▶ _INSTRUCTIONS FOR THE TASK_:
What you produce should be an exact transcription of the data, minus any pictures.

##### THE DATA

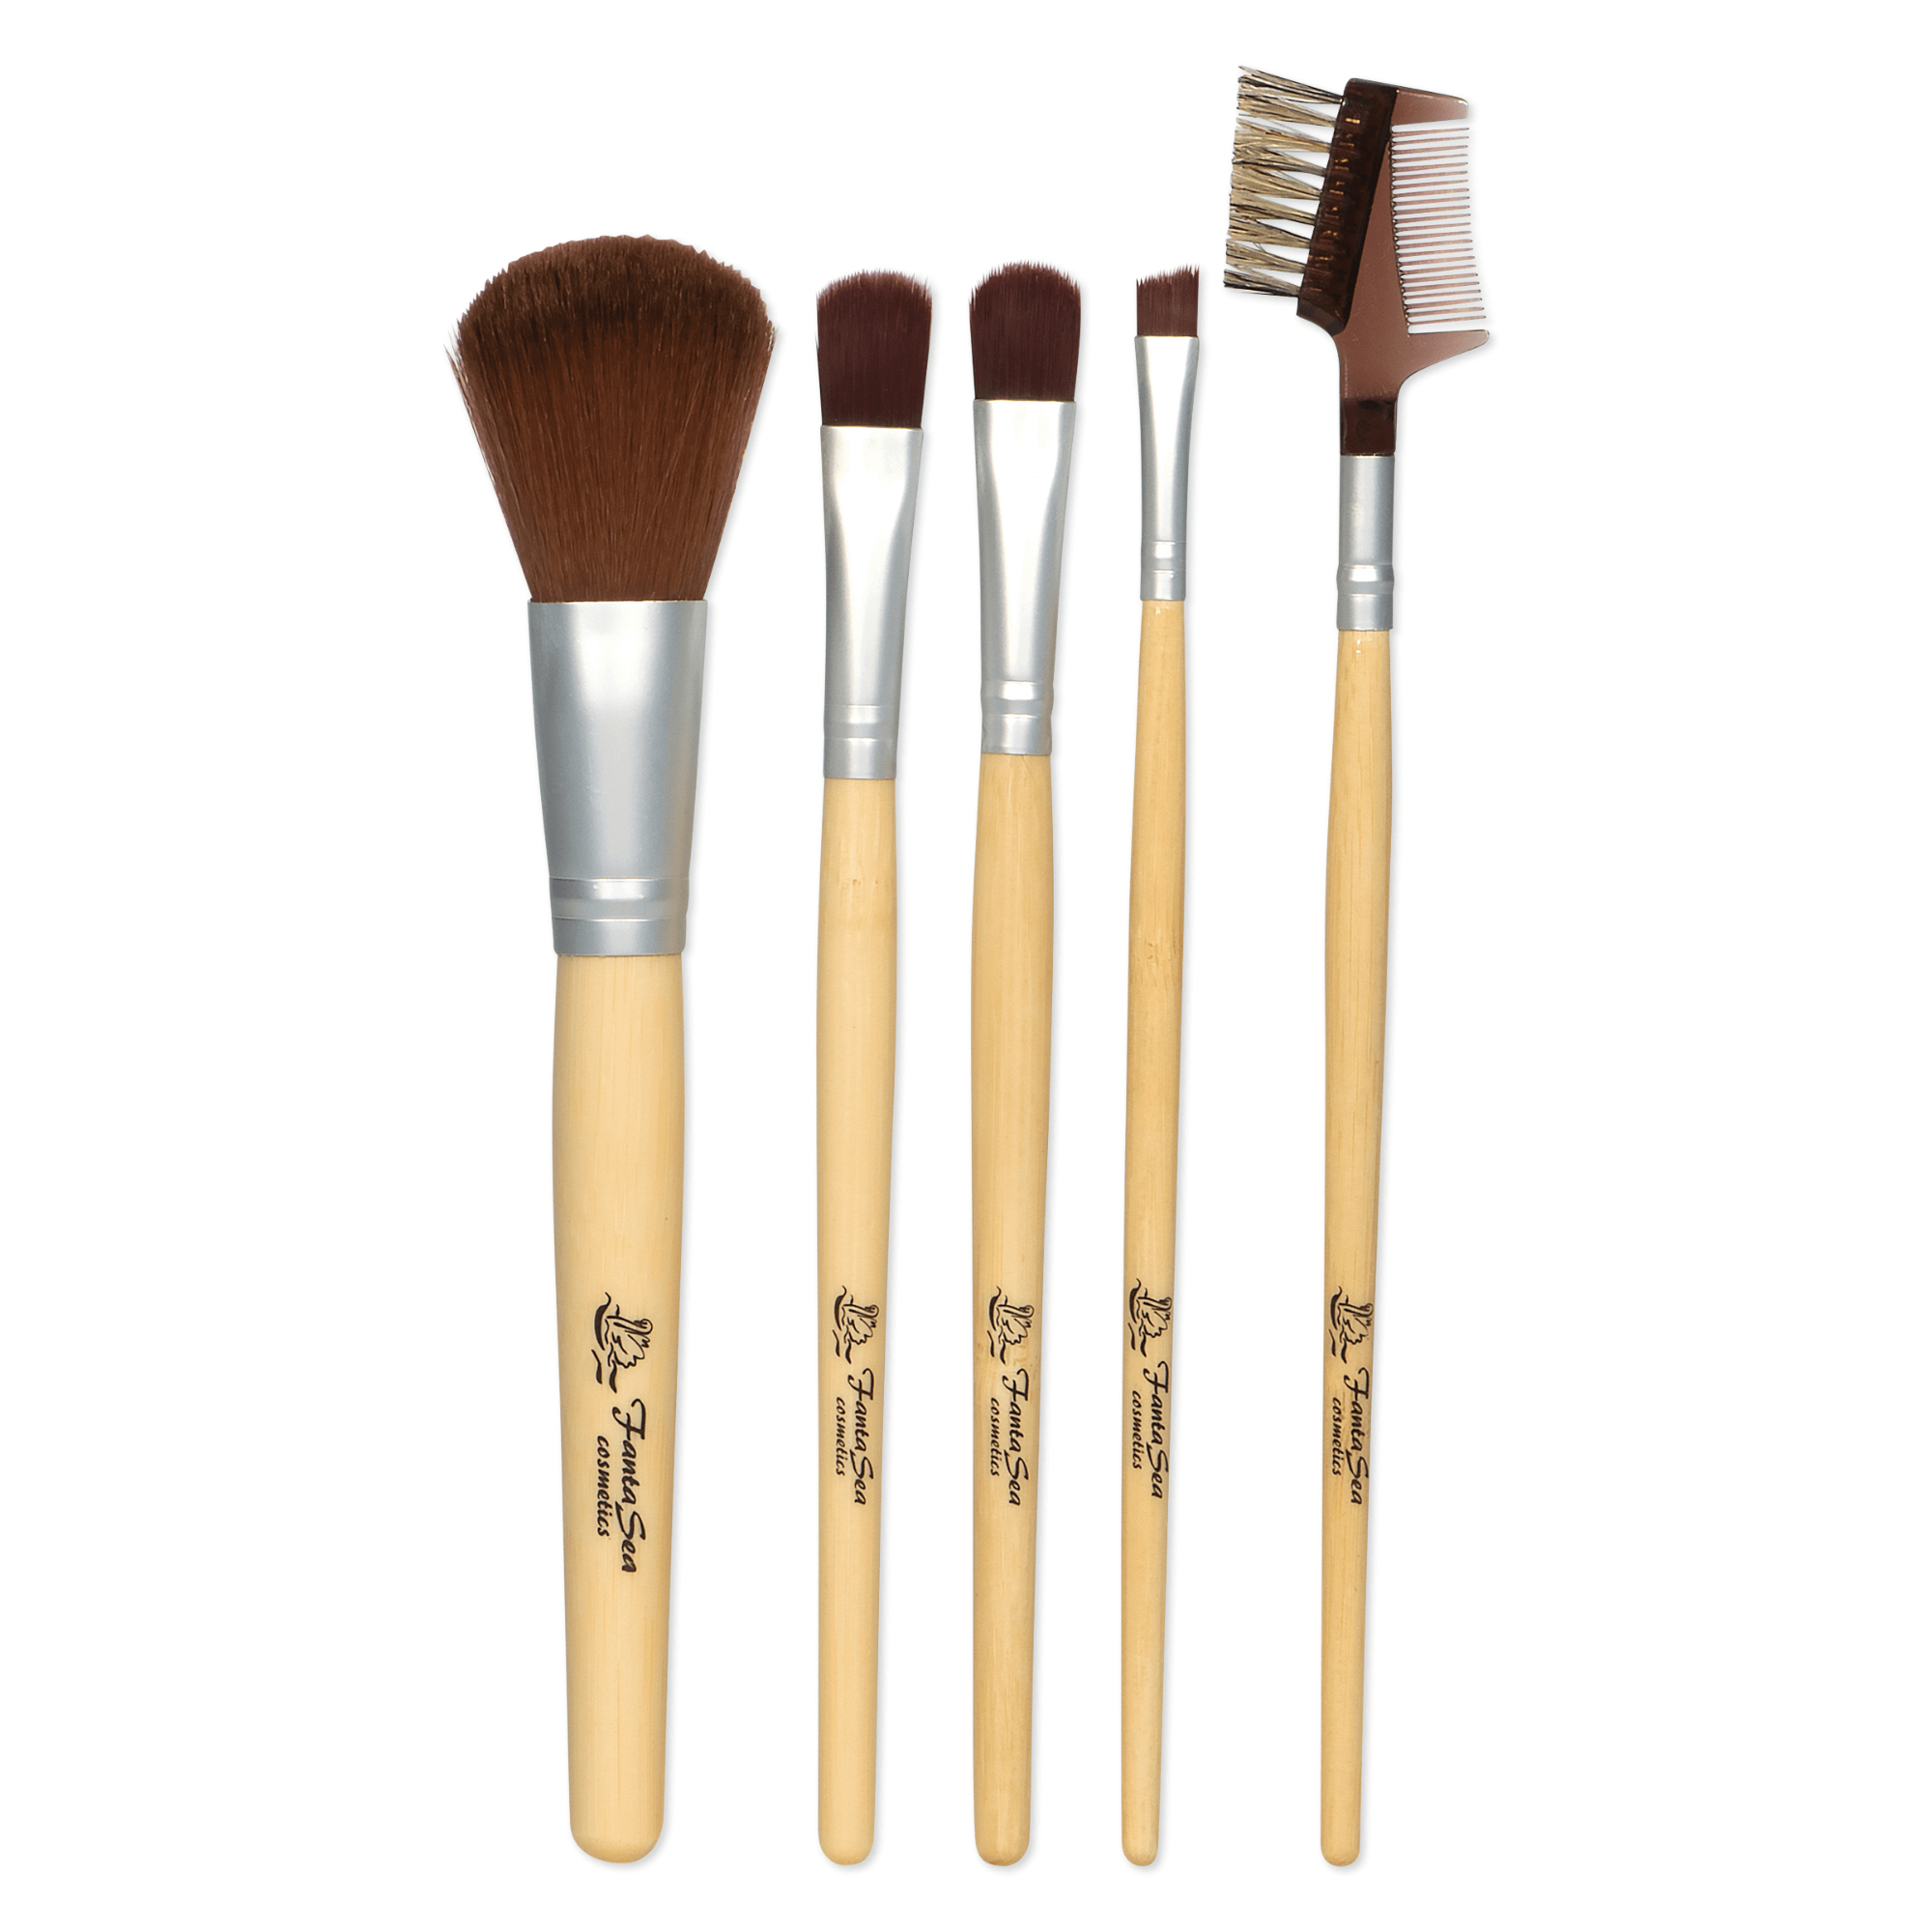 Bamboo Makeup Brush Set with Case - 5 pc.
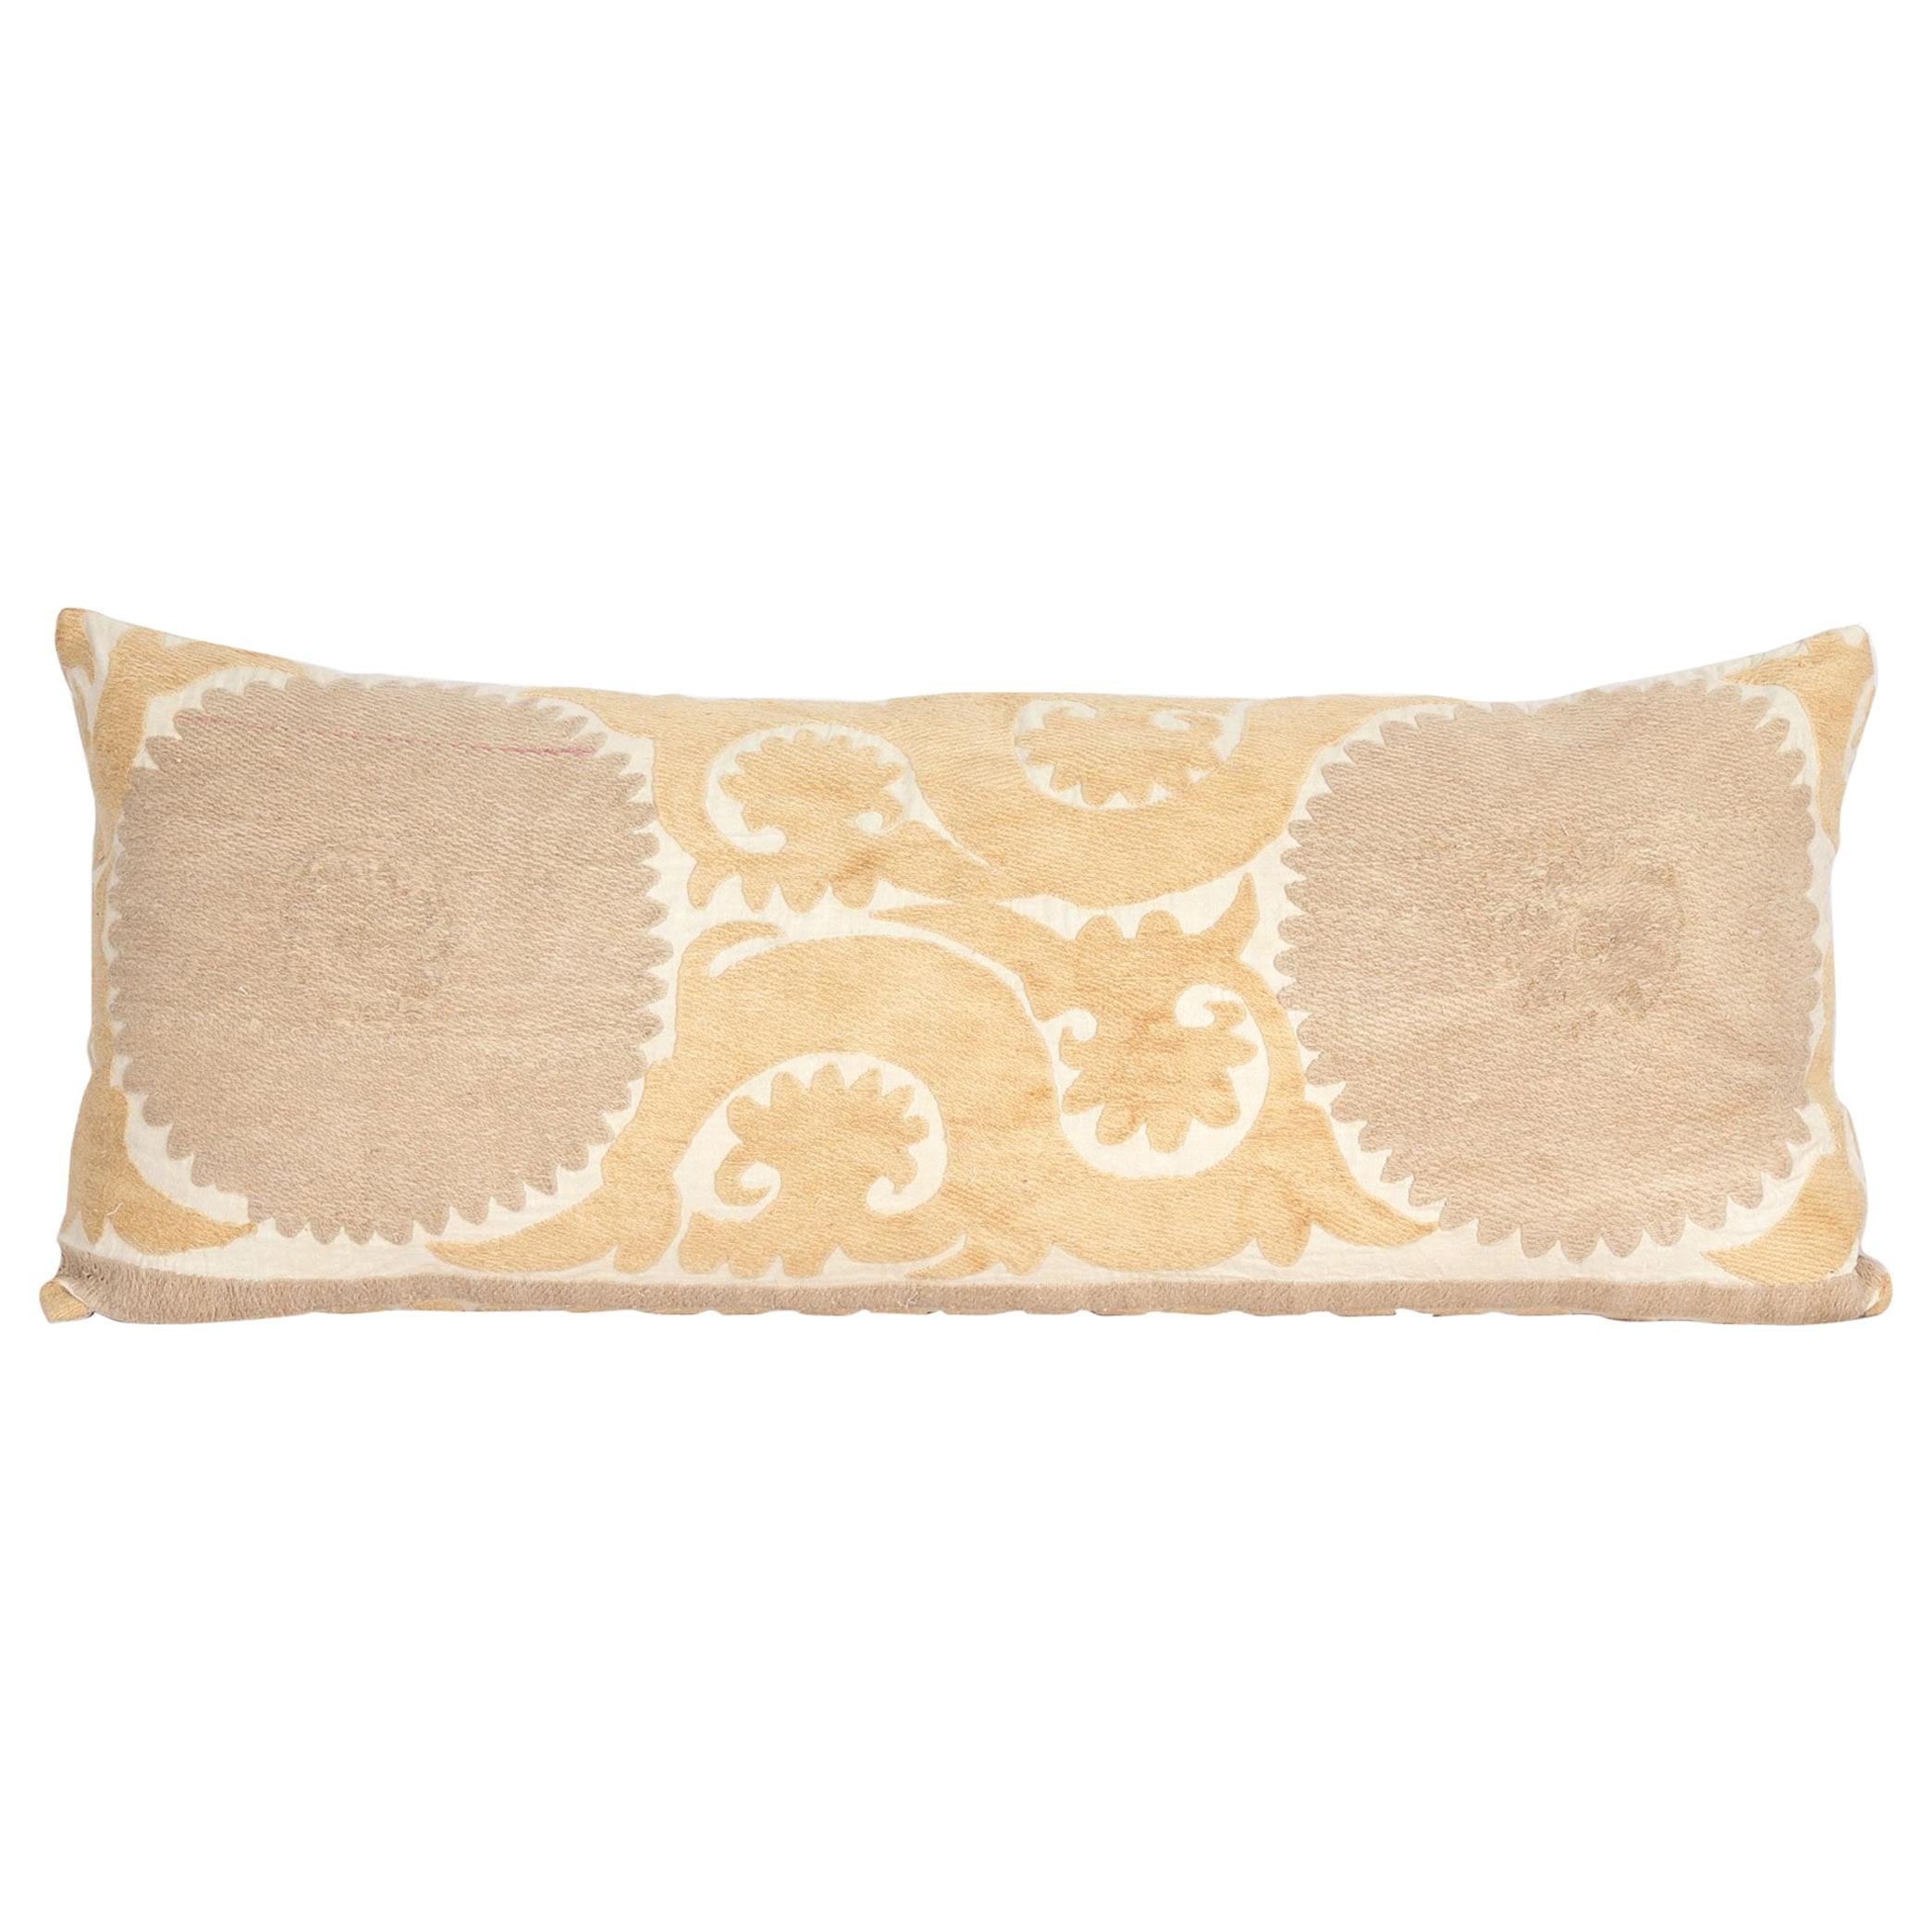 Suzani Lumbar Pillow Case Fashioned from a Mid-20th Century Uzbek Suzani
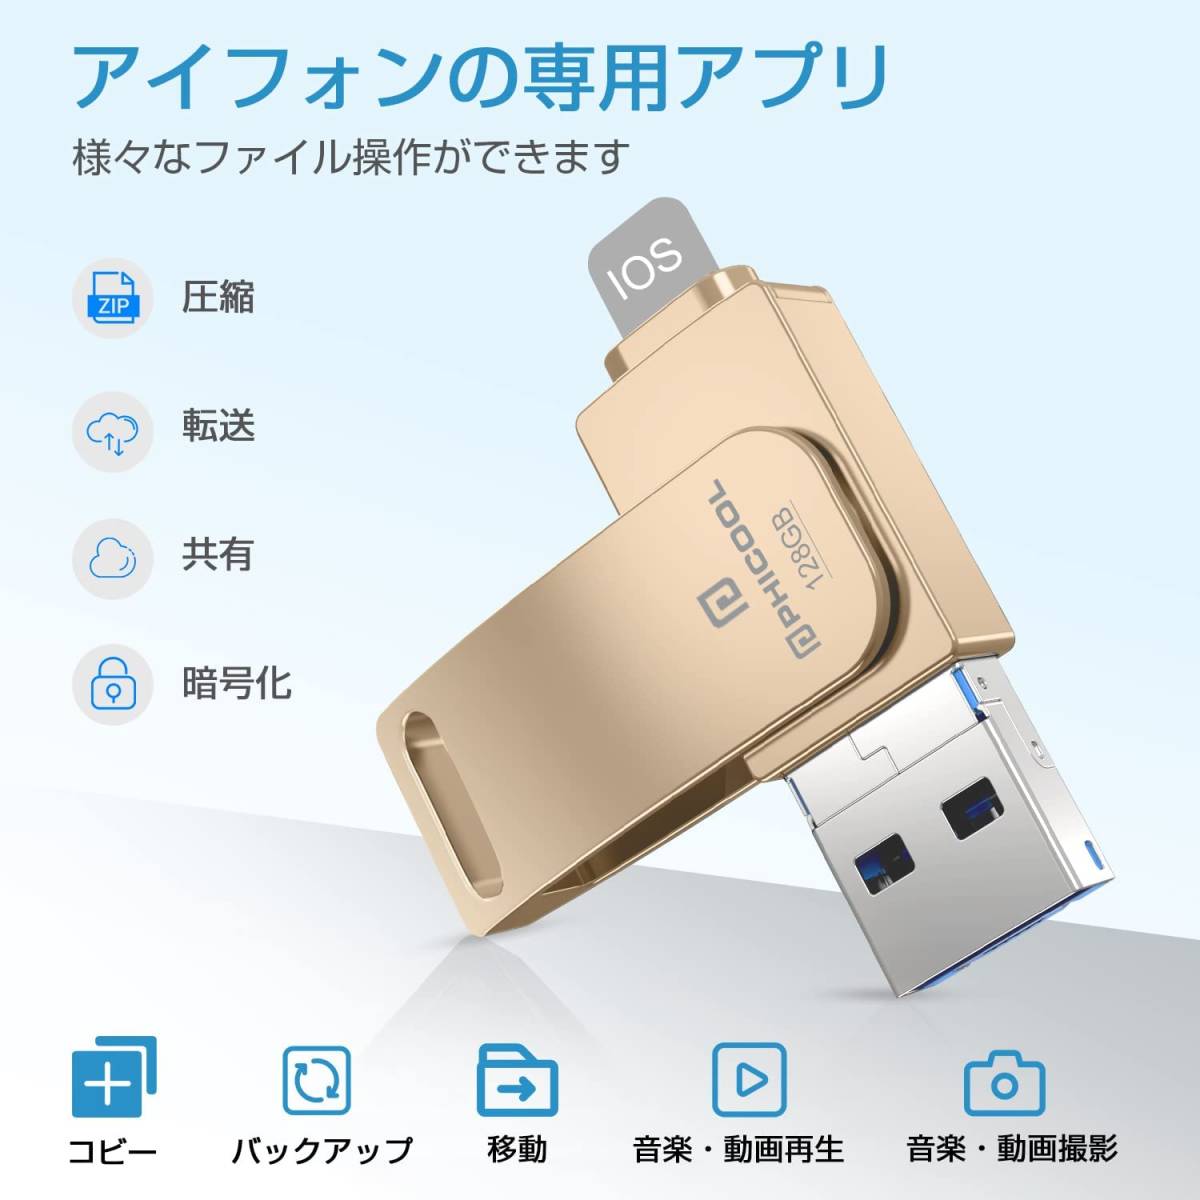 USBメモリ ４in1 高速 USB3.0 usb メモリー 128GB USB/Type-C/micro usb フラッシュドライブ パスワード保護 小型 回転式 亜鉛合金ボディ

##########

▶ _RESPONSE TO THIS TASK_:
 Bamboo Makeup Brush Set with Case - 5 pc.
 Suzani Lumbar Pillow Case Fashioned from a Mid-20th Century Uzbek Suzani
 USBメモリ ４in1 高速 USB3.0 usb メモリー 128GB USB/Type-C/micro usb フラッシュドライブ パスワード保護 小型 回転式 亜鉛合金ボディ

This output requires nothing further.